Frank De Boer e l'Inter, un matrimonio di scarso successo. Una manciata di partite, per conoscersi e salutarsi. L'esigenza del risultato a cozzare contro l'idea di progetto. Uno scorcio di campionato, l'impresa con la Juventus e tanti ruzzoloni, fino alla decisione definitiva. Esonero e rottura del rapporto. Al giornale olandese Ziggo Sport, il tecnico racconta l'esperienza italiana e le lacune del club nerazzurro. La nuova proprietà non ha - realmente - in mano la squadra. Manca un punto fermo, un costante riferimento in grado di dare direttive e indicazioni.
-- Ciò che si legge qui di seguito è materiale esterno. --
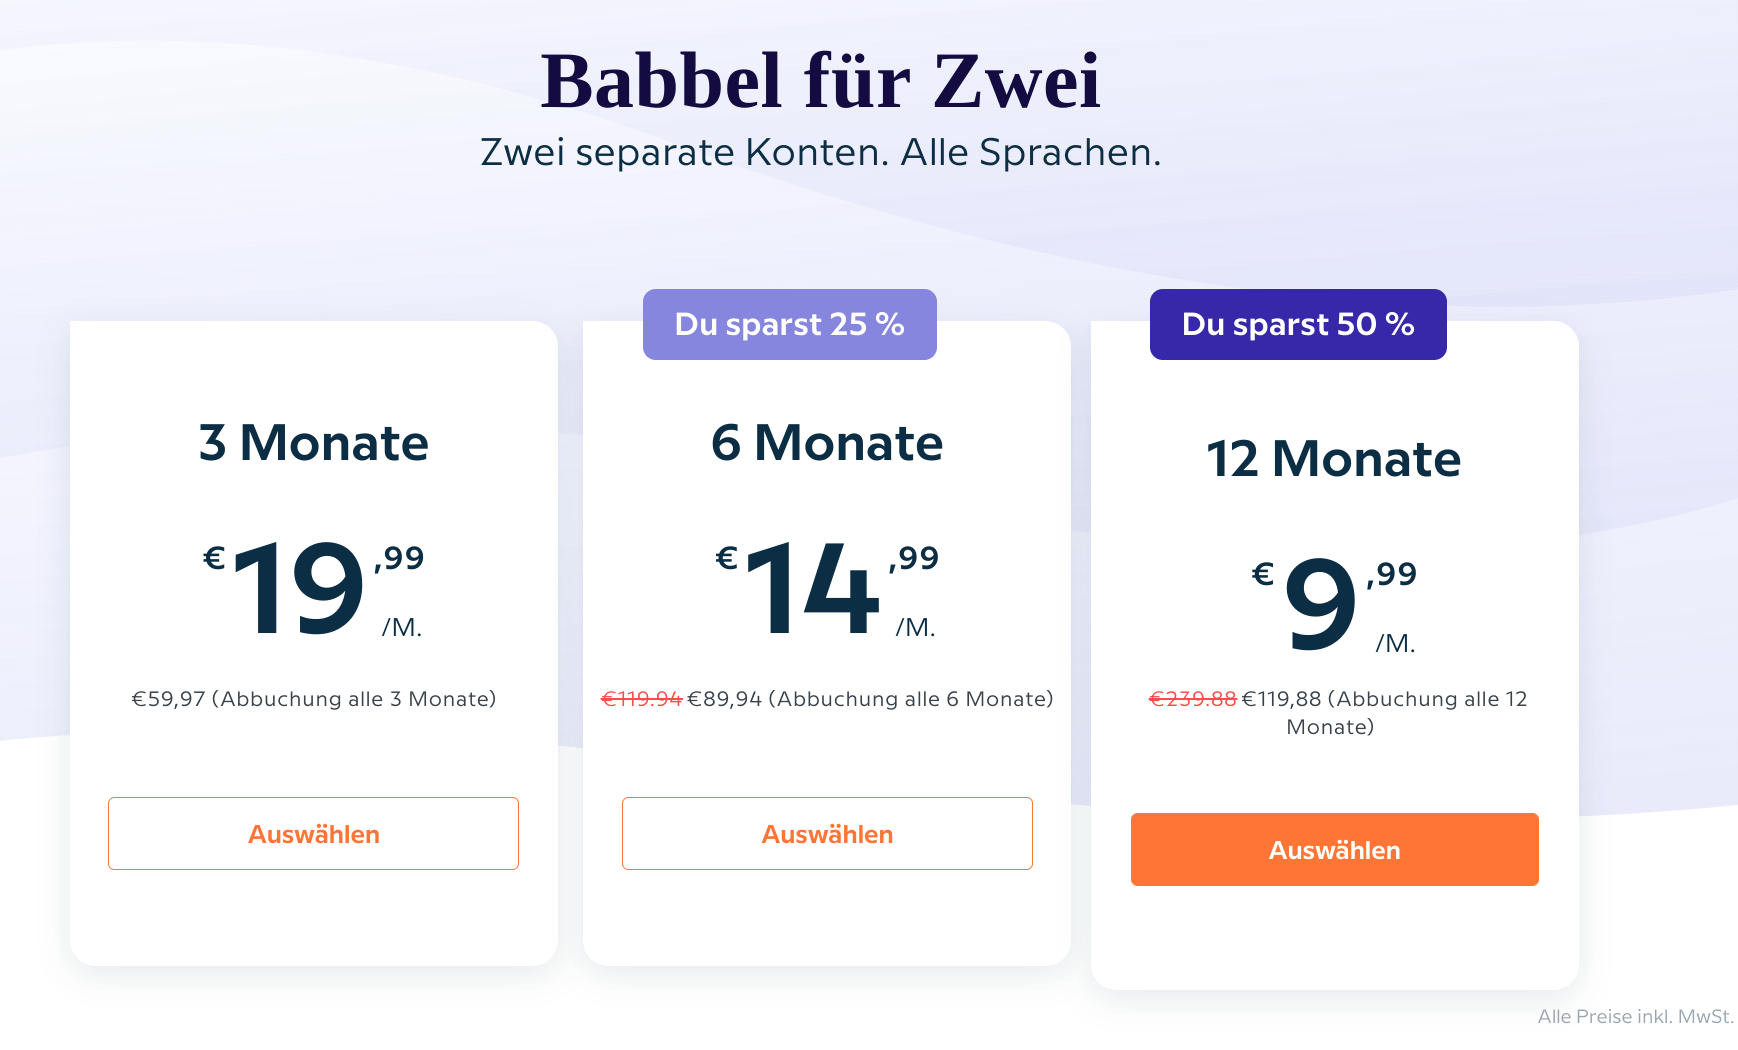 Übersicht der Kosten für Babbel für Zwei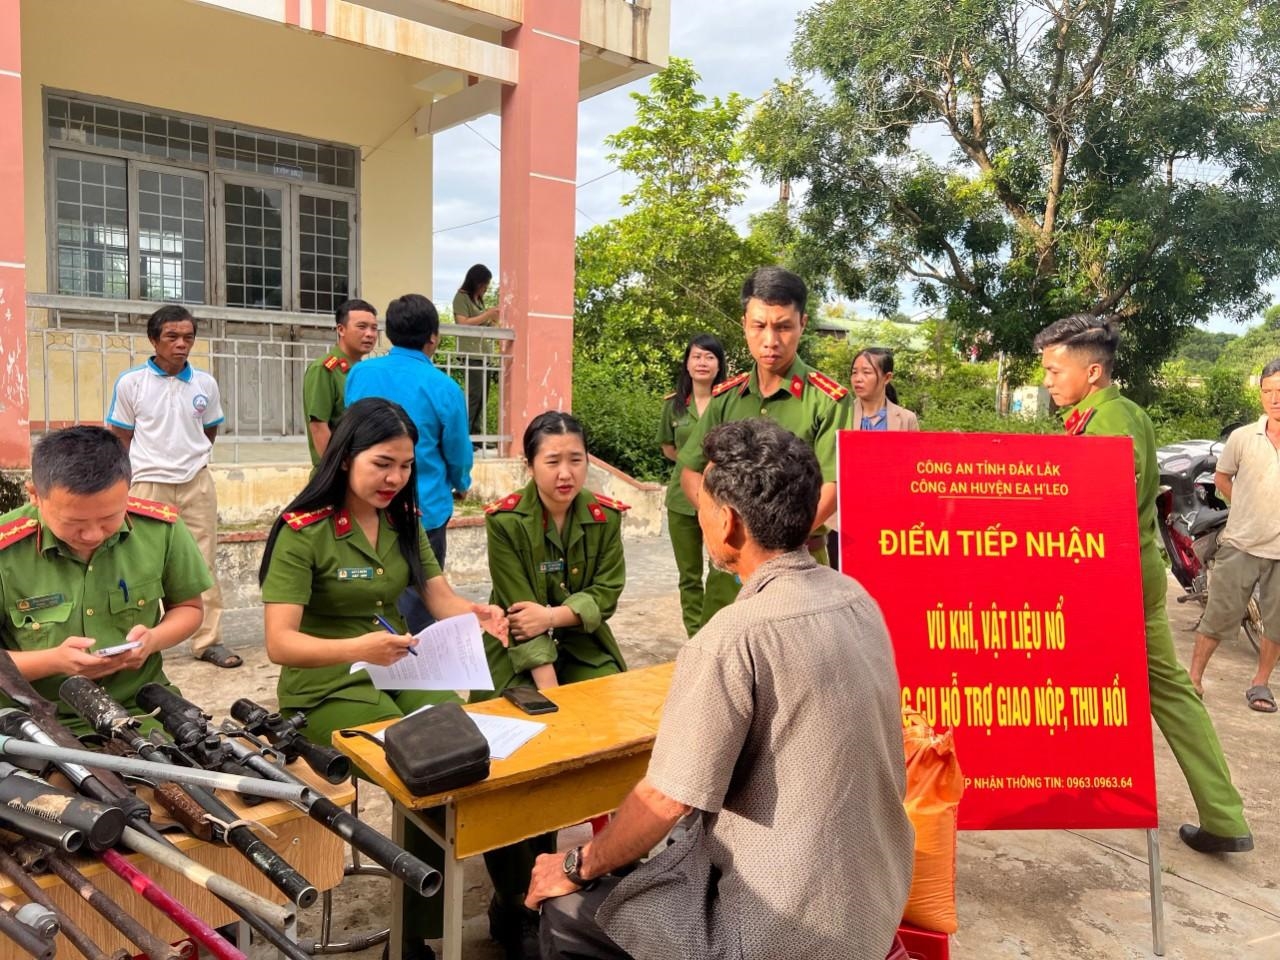 Công an huyện Ea H’leo tổ chức điểm “Đổi gạo lấy vũ khí” tại buôn Cham, xã Ea Sol, huyện Ea H’leo

L'indecisione societaria si riflette poi sul campo e in ogni componente.
"I cinesi sono i proprietari, ma hanno però un supervisore che è italiano. Hanno tutto il potere, ma nessuno ha veramente il potere. Nessuno comanda. Penso che questo sia il problema principale. La nuova proprietà pretende molto, ma si dovrebbe prima guardare e valutare a ciò che c’è dentro la società e come è organizzata".
L'incostanza di rendimento come amara realtà. La volontà di proporre qualcosa di diverso, gradevole, il desiderio di "ripulire" e trasformare l'Inter. Alterni responsi, figli di scarsa fiducia.
"Giocavo con il 4-3-3: pressione alta e anticipo, se possibile. A volte è andata bene come nella gara contro la Juve. Ma è vero, abbiamo avuto troppi alti e bassi".
In chiusura, De Boer si ricollega al Napoli e sottolinea la costruzione del progetto partenopeo. Pazienza ed attesa per rifinire il gruppo, per trovare una coesione d'insieme. Una crescita graduale, per arrivare, ora, alla chiusura del cerchio. Anni di lavoro per assorbire dettami e principi, per assimilare un processo. Realtà ben diversa da quella milanese. "Tutto e subito", questo il dogma all'ombra della Madonnina. Difficile per chiunque, anche per De Boer.
"Guardate a Napoli dove ci sono voluti otto anni perché rendesse il progetto... All’Inter invece si aspettavano di vedere qualcosa di buono dopo due settimane. Una cosa impossibile".